“We thus find that, while the inorganic world has been in a state of continual though very gradual change, the species of the organic world have also been slowly changing in form and in the localities they inhabit; and the records of these changes and these migrations are everywhere to be found, in the actual distribution of the species no less than in the fossil remains which are preserved in the rocks.”
Victorian naturalist Alfred R. Wallace argued already in 1892 that changes of Earth’s surface could explain the modern distribution of plants and animals. He believed that sea-level rise or earthquakes played a major role, modifying the shape of the continents. Almost twenty years later German geophysicist Alfred Wegener explained the distribution of modern land-snails, found in Europe and North America, as a result of continental drift. He argued that all continents were once united in a single landmass named Pangaea (meaning “all, entire, whole Earth” in Ancient Greek). The ancestors of the snails became separated during the breakup of this former supercontinent and evolved independently as the continents of America and Europe drifted apart. Since Wegener, many biologists have confirmed his explanation and used continental drift to explain the distribution of closely related species, like the African ostrich, the Australian emu and the American rhea. Today geologists can even use the distribution of animals to reconstruct the former position of continents and how and when they became separated.

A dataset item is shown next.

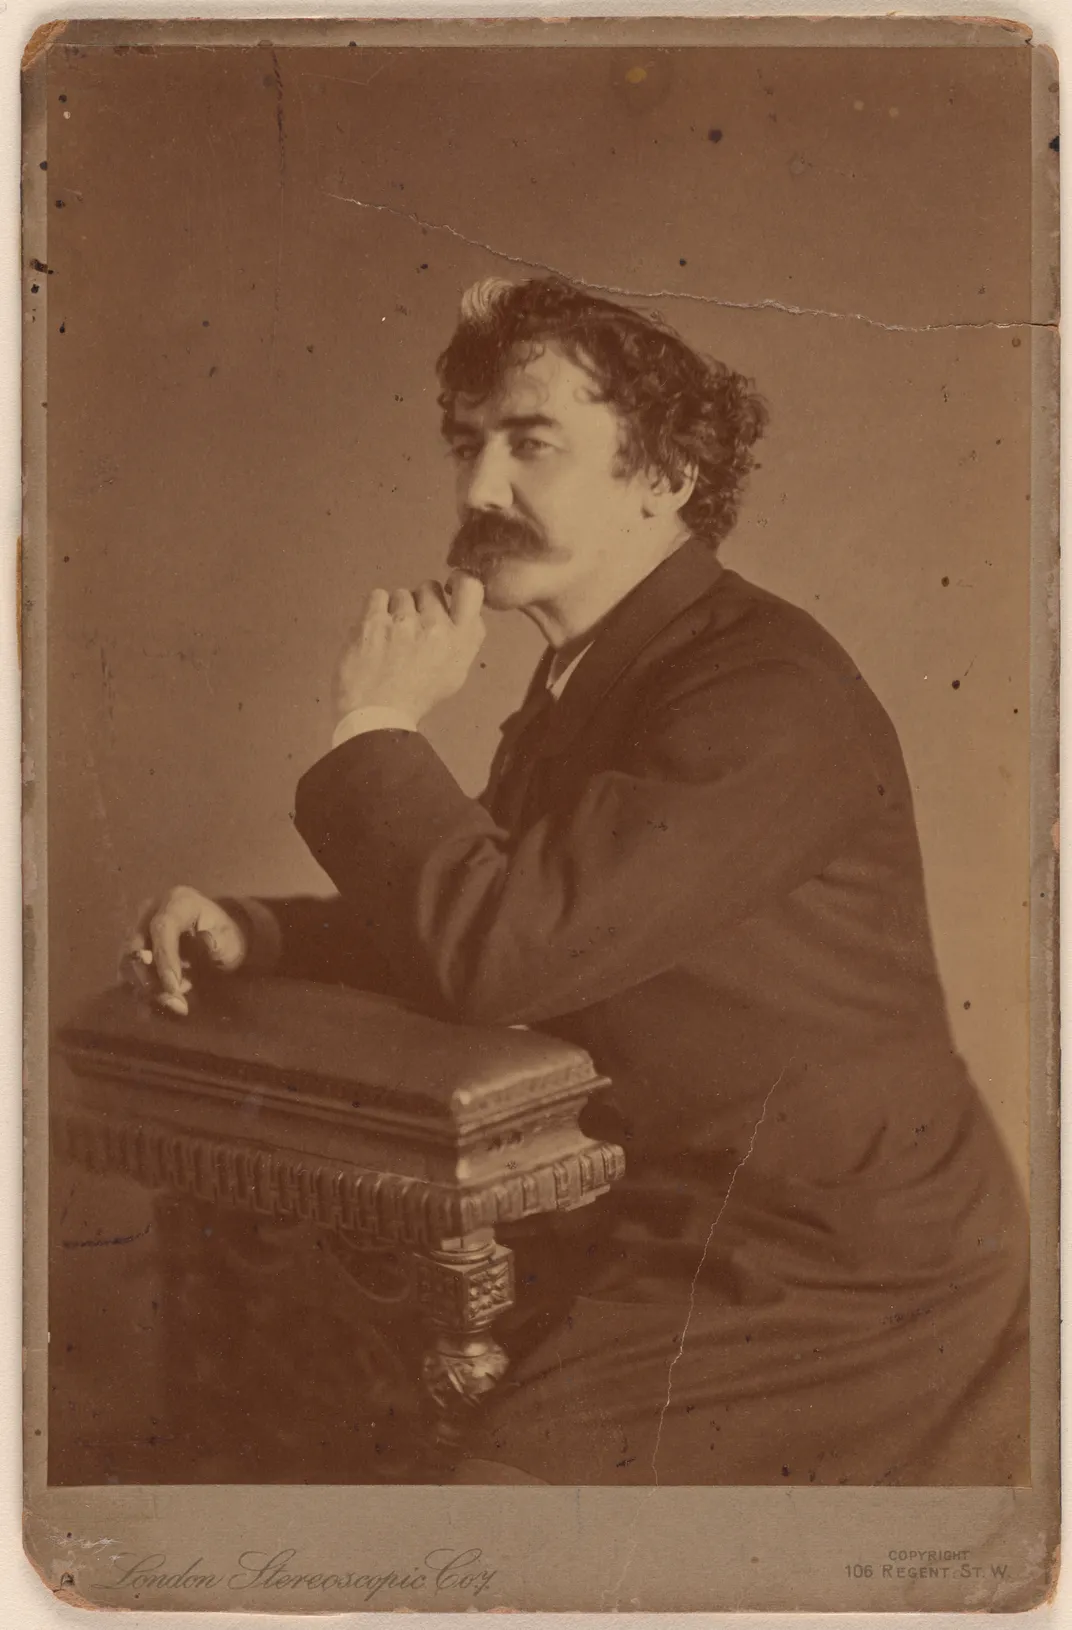 James McNeill Whistler, c. 1870

Propiestus archaicus is a fossil species of rove beetle, described from a small amber piece found in the Hukawng Valley of northern Myanmar, near China’s southern border. Rove beetles are a very successful group of beetles with more than 63,650 species distributed worldwide and about 400 new species are being described each year. P. archaius is a mere 0.1 inches long, a common size for a rove beetle. It likely lived beneath the bark of rotting trees, using its long antennae to find its way around in its habitat. So this discovery may not seem extraordinary, however, this fossil find rewrites the history of the formation of modern-day continents some 99 million years ago.
P. archaius belongs to a family of rove beetles found today almost exclusively in South America, except for one species found in southern Arizona. This distribution over three continents, North and South America and Asia, can only be explained if all continents were connected once.
The supercontinent Pangaea began to slowly break up about 250 million years ago. Around 150 million years ago two larger landmasses formed, Laurasia in the northern hemisphere and Gondwana in the southern hemisphere. Gondwana was formed by the modern continents of South America, Africa, Antarctica, Australia and India. The southern continent of Gondwana began to break up 130 to 90 million years ago. Most notably India began its long journey north, finally colliding with Asia and forming the Himalaya. The tiny fossil rove beetle suggests that also Myanmar once was part of Gondwana.
The early ancestors of modern rove beetles likely evolved in an area of Gondwana that is now part of South America. One species spread over land north, in what is now modern Arizona. Another species migrated to the eastern coasts of Gondwana. When a large chunk of the eastern coastal region of Gondwana broke off, the local population of P. archaius drifted together with this terrane, as smaller parts of continental crust are called, north.
Eventually the isolated population of Propiestus went extinct. When the terrane collided with Asia, becoming part of modern-day Myanmar, only the specimen entrapped and preserved in amber survived.